[Date Prev][Date Next][Thread Prev][Thread Next][Date Index][Thread Index]

Re: [Condor-users] VB: [Condor] Problem o2f-sth-lap-016.un.dr.dgcsystems.net: condor_schedd.exe exited (4)



Hi Sonia:

> I am trying to configure Condor on a linux cluster consisting of 13 machines plus the administrator machine that is running windows 7.
> 
> I get two main error messages that are the following,
> 
> WARNING: Unable to determine local IP address. Condor  might not work
> 
> propertly until you set  NETWORK_INTERFACE=<machine IP address>

Silly question: does the computer have and IP address?  If it does, then sometimes I find setting the hosts IP and hostname in the 'hosts' file solves this problem.  Try adding a line to:

C:\WINDOWS\system32\drivers\etc\hosts

Then restart Condor and see if it helped.

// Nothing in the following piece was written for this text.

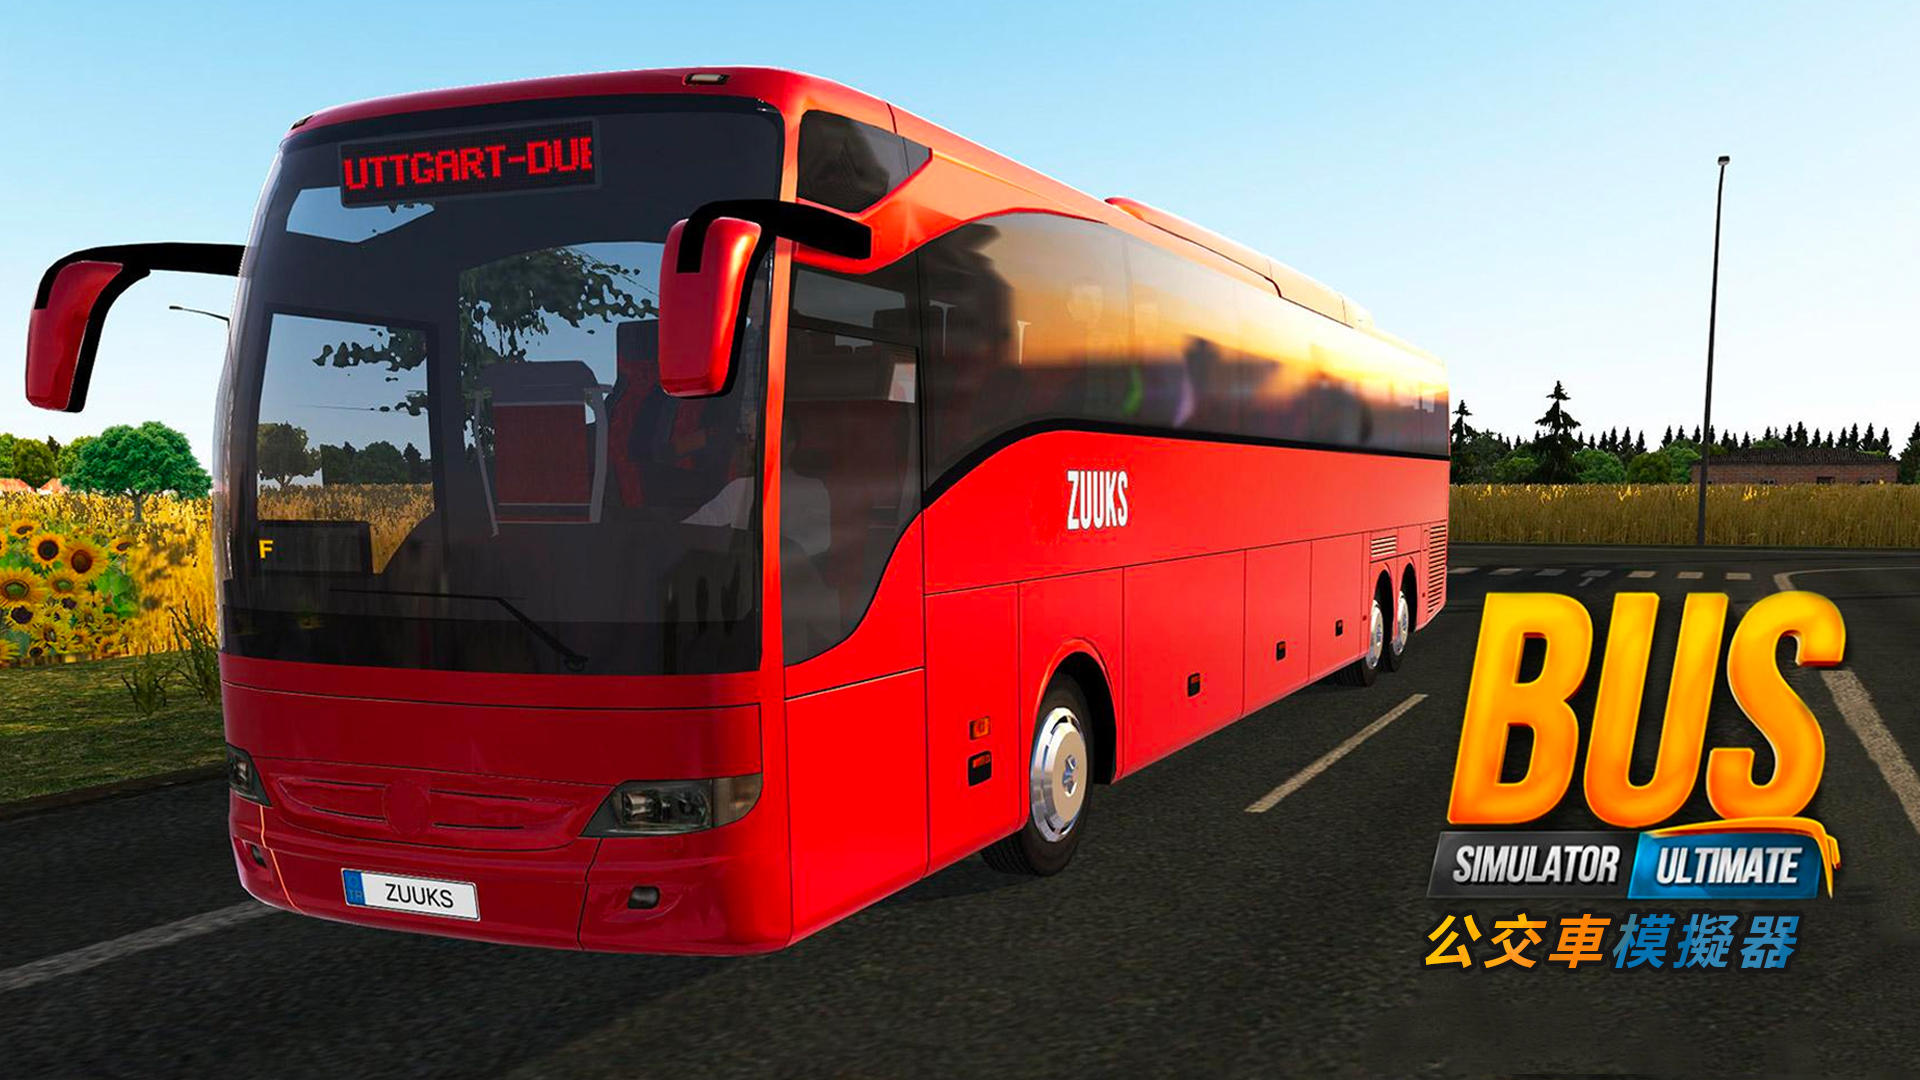 公交车模拟器 : Ultimate游戏截图

> In order for Condor to work properly you must set your CONDOR_CONFIG
> environment variable to point to your Condor configuration file:
> /home/sonia/condor-7.4.1/etc/condor_config before running Condor
> commands/daemons.
> How should I solve these problems? I have tried several alternatives but it's still not working...


Alternatives to which?  Can you be more specific as to what you have tried?  Is it set in your personal environment, or in the system's?  If you are running Condor as a service, it needs to be in the system's. otherwise Condor will not be able to find it.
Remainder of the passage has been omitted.